Take action now to lower your property taxes in Indiana!
Businesses and individuals with Indiana real estate valued at $1,000,000 or more for tax purposes should act now to reduce their Indiana real estate tax bill. Long-term tenants obligated to pay property taxes should also take action.
It’s now or never! File your Notice of Appeal (Form 130) with the local assessment officer for the county in which your property is located by the annual appeal deadline of June 15, 2021. For most of Indiana, the Form 130 must be filed with the county assessor. . However, if your property is located within the jurisdiction of one of the remaining 13 township assessors in Indiana, your Form 130 must be filed with the township assessor.

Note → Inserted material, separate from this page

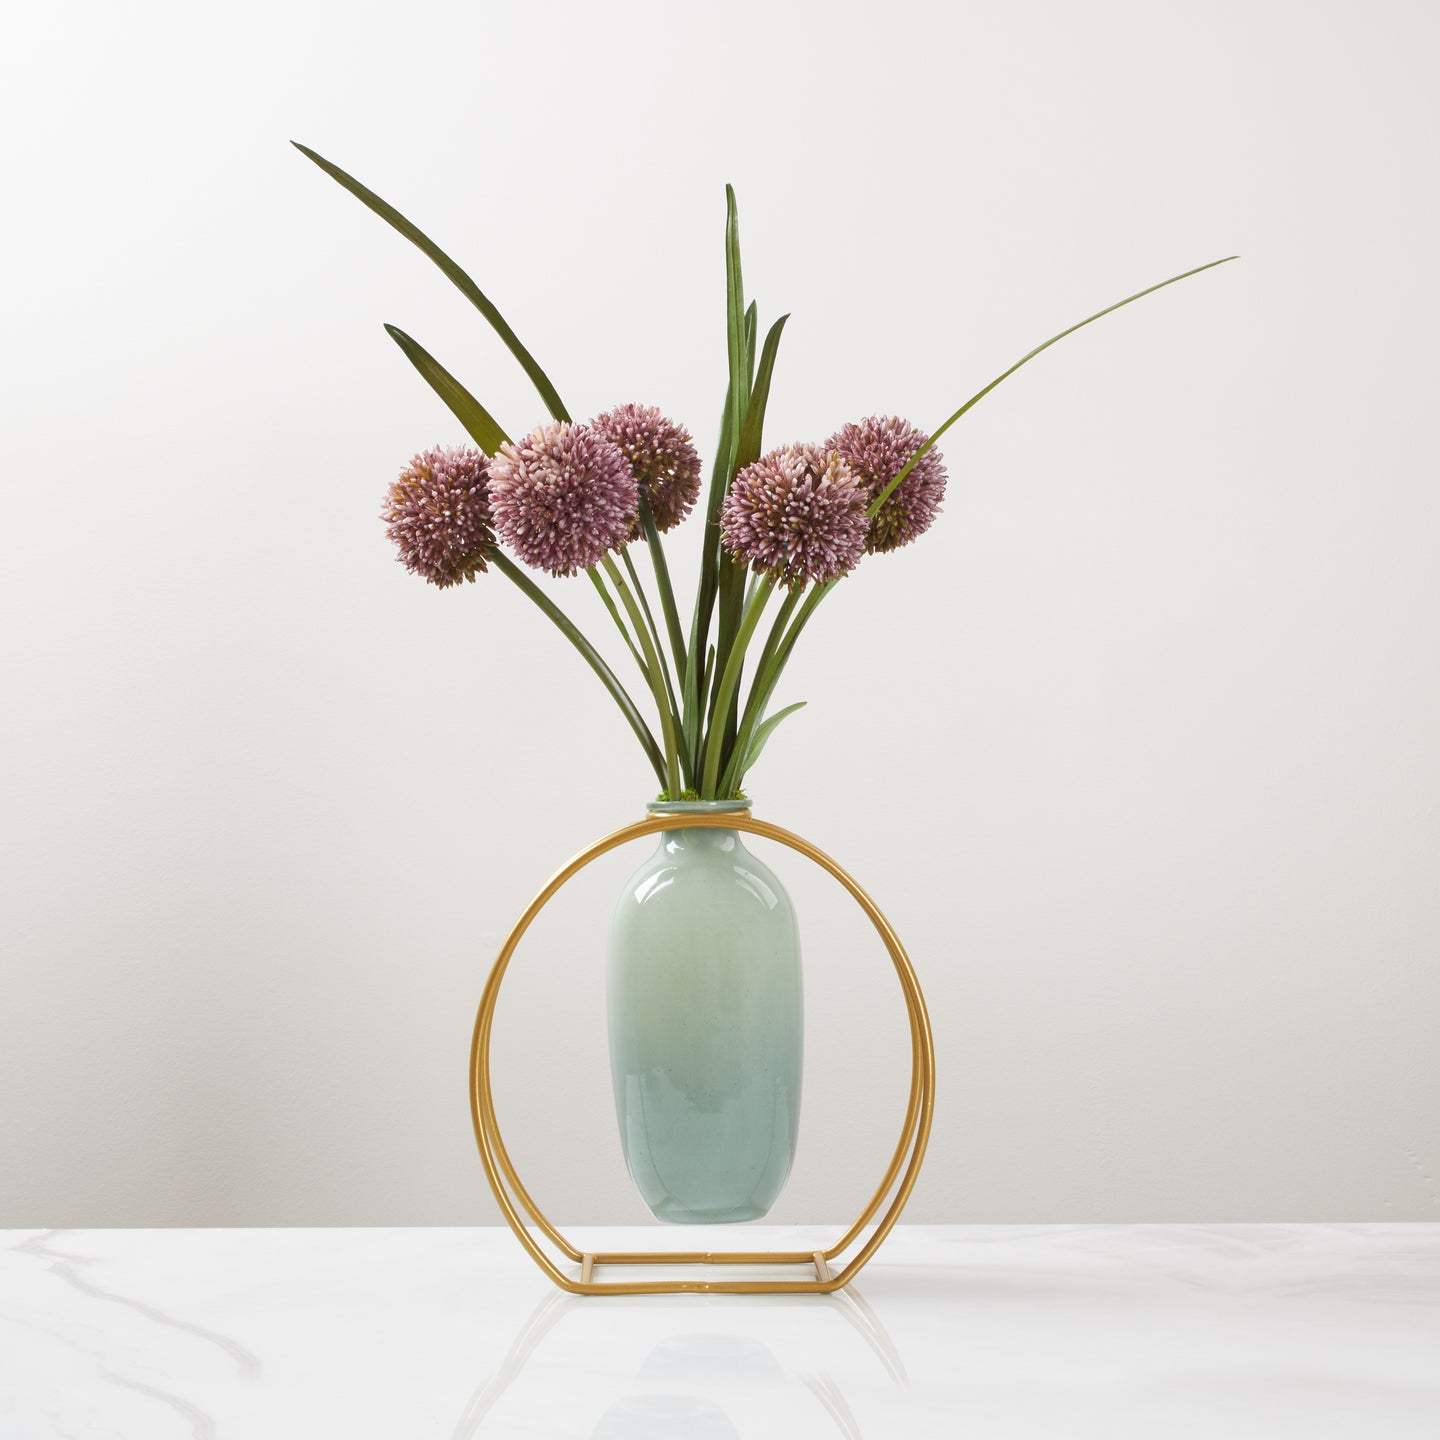 Suspend Vase With Alliums
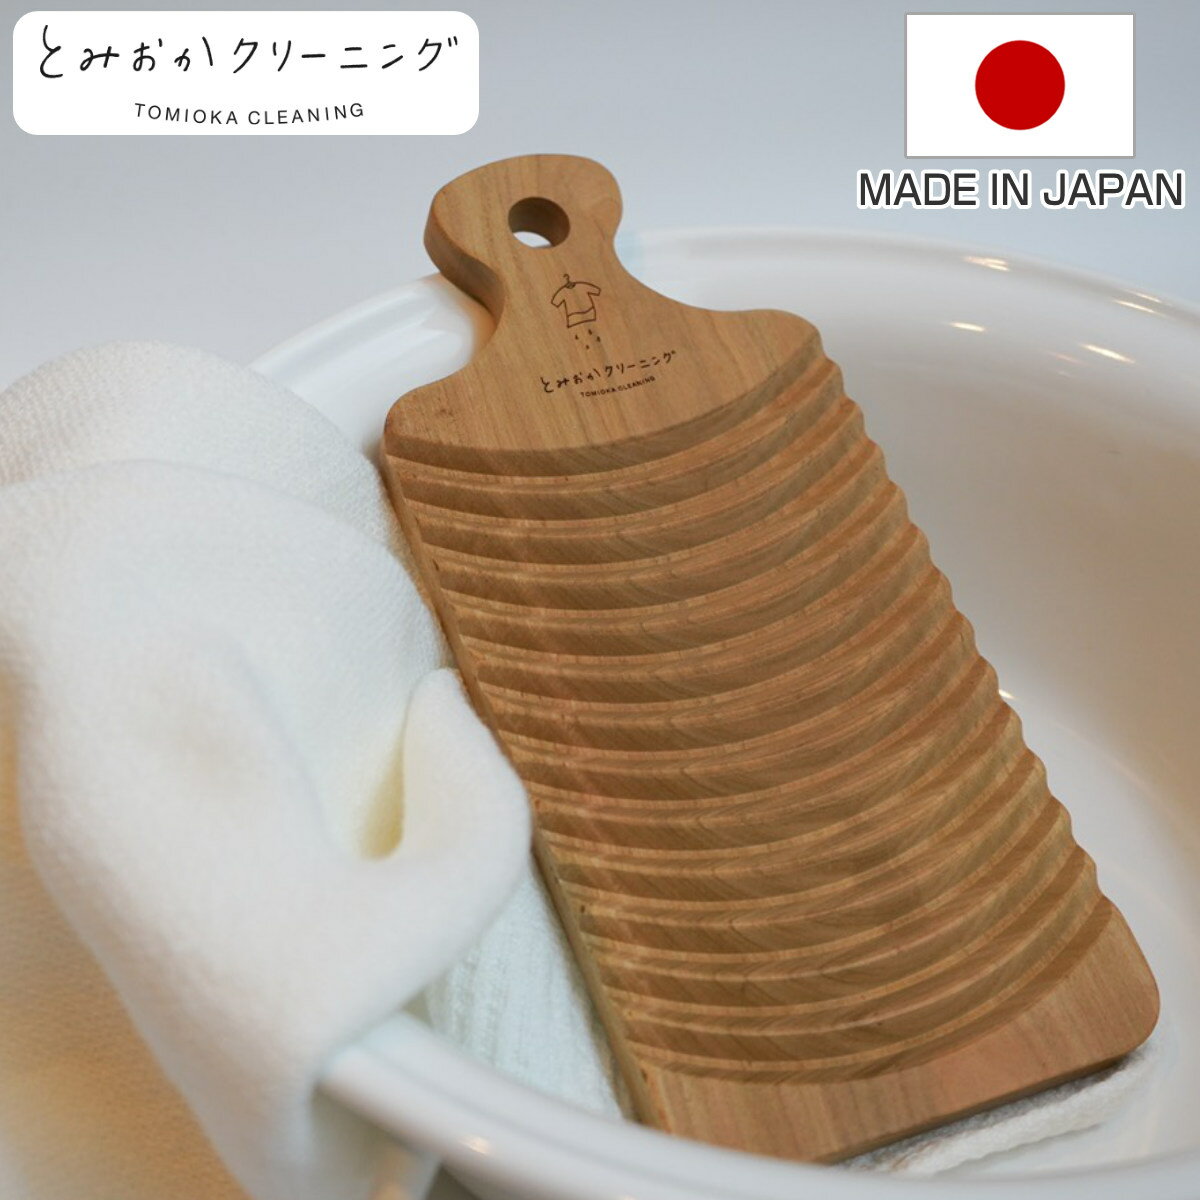 サイズ約 幅12×奥行26×高さ1.5（cm）内容量1枚材質サクラ生産国日本製注意事項※商品ページ内には別の商品を含む画像を使用しています※天然素材のため、木目は商品によってそれぞれ違います区分返品・キャンセル区分（小型商品）ギフトラッピングページを見る洗濯板 とみおかクリーニング さくらの洗濯板おすすめポイント昔ながらの便利な洗濯板ちょっとした手洗いに大活躍するコンパクトサイズの洗濯板です。手洗いの元祖ともいわれる便利な道具で、手でもみ洗いすることにより生地を傷めずによく汚れが落ちます。どろんこの靴下やふきん洗いや洗濯機前の予備洗いにぴったりです。頑固な汚れをよく落とす山波カーブが程よく汚れにあたり、楽に汚れを落とせます。泥汚れや食べこぼしのシミなど、部分洗いしたい時に便利です。商品詳細国産のサクラの木を使用水に強く、硬くてなめらかな国産のサクラの木を使用しています。使い続けていてもくすみの少ない明るい色が特徴で、木の柔らかいぬくもりを感じながら楽しくお洗濯が出来ます。しっかり握れる持ち手付き手にすっぽりと収まる持ち手は、洗濯物をこすり洗いする時に力が入りやすいので洗いやすいです。持ち手部分は引っ掛け穴があるので、掛けて収納したり干したりもできます。2サイズ展開でお好みのサイズをコンパクトサイズの洗濯板とコンパクトサイズよりもさらに小さい携帯用洗濯板の2サイズ展開となっています。洗面所の広さや、持ち運びの有無によってお選び頂けます。ブランド紹介とみおかクリーニング知床のそばにある人口より牛の数の方が多い町、北海道中標津町で創業したとみおかクリーニングがお届けする洗濯用品ブランドです。老舗クリーニング店だからこそ人と環境にやさしくありたい、そんな思いからプロの現場で培ってきた知識や技術を活かしたたくさんの洗濯用品をご用意しています。クリーニング店が提案する毎日がワクワクするようなライフスタイルをセンタクしてみませんか。ご注意点木目について天然素材のため、木目は商品によってそれぞれ違います。個々の木の味としてお楽しみください。シリーズ紹介さくらの洗濯板さくらの洗濯板 携帯用関連キーワード：さくら 汚れ 時短 家事 便利 襟 エリ 袖 靴下 下着 衛生 清潔 エコ 木目 使いやすい 吊り下げ 頑固汚れ 人気 おしゃれ お洒落 オシャレ かわいい 可愛い カワイイ LH13473 関連商品はこちら洗濯板 携帯用 とみおかクリーニング さくらの2,430円洗濯板 STYLE JAPAN 小さな洗濯板 2,890円洗濯板 STYLE JAPAN 小さな小さな洗2,090円洗濯桶 ラブウォッシュ 488円洗濯板 Arao!洗濯板 せんたく板 洗濯 478円まとめ洗い 洗濯ネット 718円ランドリーネット とみおかクリーニング 長方形1,320円ランドリーネット とみおかクリーニング 舟形 990円洗濯ネット 大物まとめ洗い専用ネット キャッチ818円洗濯ネット 小物まとめ洗い専用ネット キャッチ718円ブラシ 洗濯 部分洗い洗濯ブラシ W きれいに1,280円ランドリーネット とみおかクリーニング 筒型 990円

Although Indiana property tax bills for 2021 real estate assessment aren’t due until 2022, now is the time to challenge real estate “over-assessments.” If a Form 130 is not filed by June 15, 2021, the right to appeal is lost for that year, except in very limited circumstances.
More properties are re-evaluated in 2021! In 2020, many appraisers were delayed in reappraising properties; thus, they are re-evaluating many more properties in 2021. This property could be yours!
But, I did not receive a notice? ! In 2020, many appraisers were delayed in reappraising properties; thus, they are re-evaluating many more properties in 2021. This property could be yours!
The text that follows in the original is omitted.